Ekmeleddin İhsanoğlu’nun uluslararası arenada iyi tanınan, donanımlı ve birikimli bir kişi olduğu açık ve söylemlerinde de oldukça birleştirici ve nazik bir üslup kullanması, çoğu çevreler tarafından takdir topladı. Ancak toplumun büyük kesimi ve özellikle kırsal bölgeler tarafından yeterince tanınmaması ve sol kesimin Erdoğan’a rağmen İhsanoğlu’na mesafeli bakması önemli dezavantajları olacaktır. Kendisi siyaset içinden gelmediği için siyasi eleştirilere fazla maruz kalmadı. Tabii Başbakan Erdoğan, Ekmeleddin İhsanoğlu’nun bu toprakların insanı olmadığına atıfta bulundu ve Kahire doğumlu olduğunu söyleyerek, buradan eleştirdi. Ayrıca CHP seçmenlerinin bir kısmının yaz tatilinden feragat etmek istemeyeceklerine dair öngörüler de İhsanoğlu’nun işini daha da zorlaştıracak gibi gözüküyor.
Ekmeleddin İhsanoğlu’nun Ramazan ayında vatandaşları yormamak için olduğunu ileri sürse de miting yapmaması ve meydanları doldurmaması geniş kitlelere boy gösterme anlamında iyi olmadı. Aynı şekilde Kılıçdaroğlu ile Bahçeli’nin de, destek mitinglerine gereken önemi verdiklerini göremedik. Hatta MHP, sahaya inme ve İhsanoğlu’nu sahiplenme konusunda CHP’nin de gerisinde kaldı. MHP’nin sahadaki bu kötü performansı, kendi seçmeninden Erdoğan’a oy devşirmesine neden olacak. Meydanlara inmeden seçim kampanyası yürütülemez. Güreş tutabilmek için mindere çıkmak gereklidir…

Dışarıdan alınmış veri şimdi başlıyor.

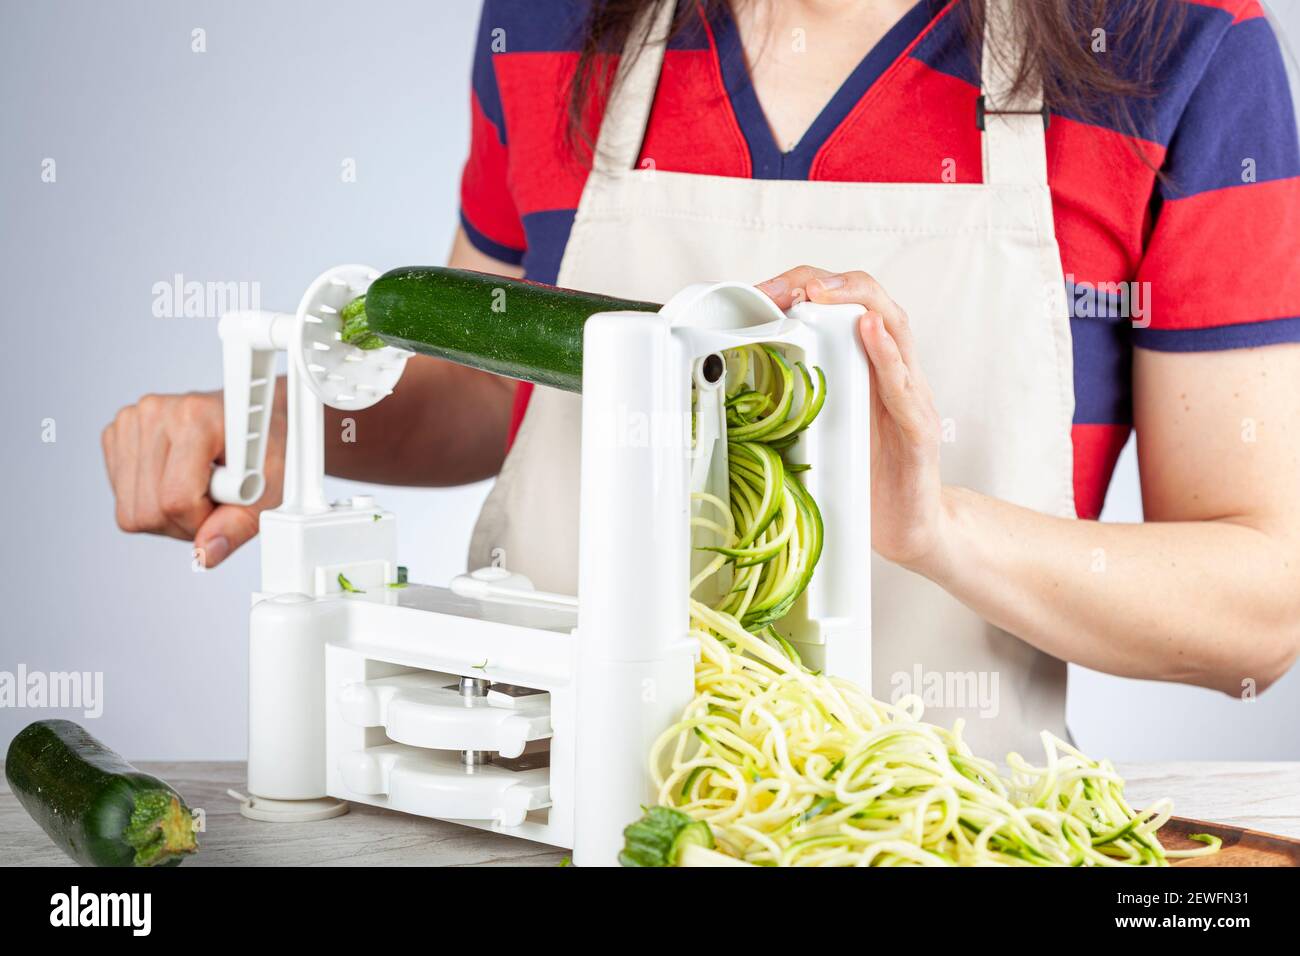 https://c8.alamy.com/comp/2EWFN31/a-caucasian-woman-wearing-apron-is-turning-the-handle-of-a-vegetable-spiralizer-slicer-to-make-homemade-zucchini-noodles-on-kitchen-countertop-this-2EWFN31.jpg

Çatı ortaklığının seçimi sadece Tayyip Erdoğan karşıtlığı olarak görme algısı, yanlış bir seçim taktiği olmuştur. Belki de, İktidar partisi tabanına da hitap edecek ortak bir aday çıkartma üzerine kurulan iddialı seçim stratejisi, bu taktik planla kendi kendini sekteye uğramıştır.
[quote]Kemal Kılıçdaroğlu ve Devlet Bahçeli, Tayyip Erdoğan’ı Çankaya Köşkü’ne uğurlamayı göze alıp, meydanın kendilerine mi kalmasını bekliyorlar?[/quote]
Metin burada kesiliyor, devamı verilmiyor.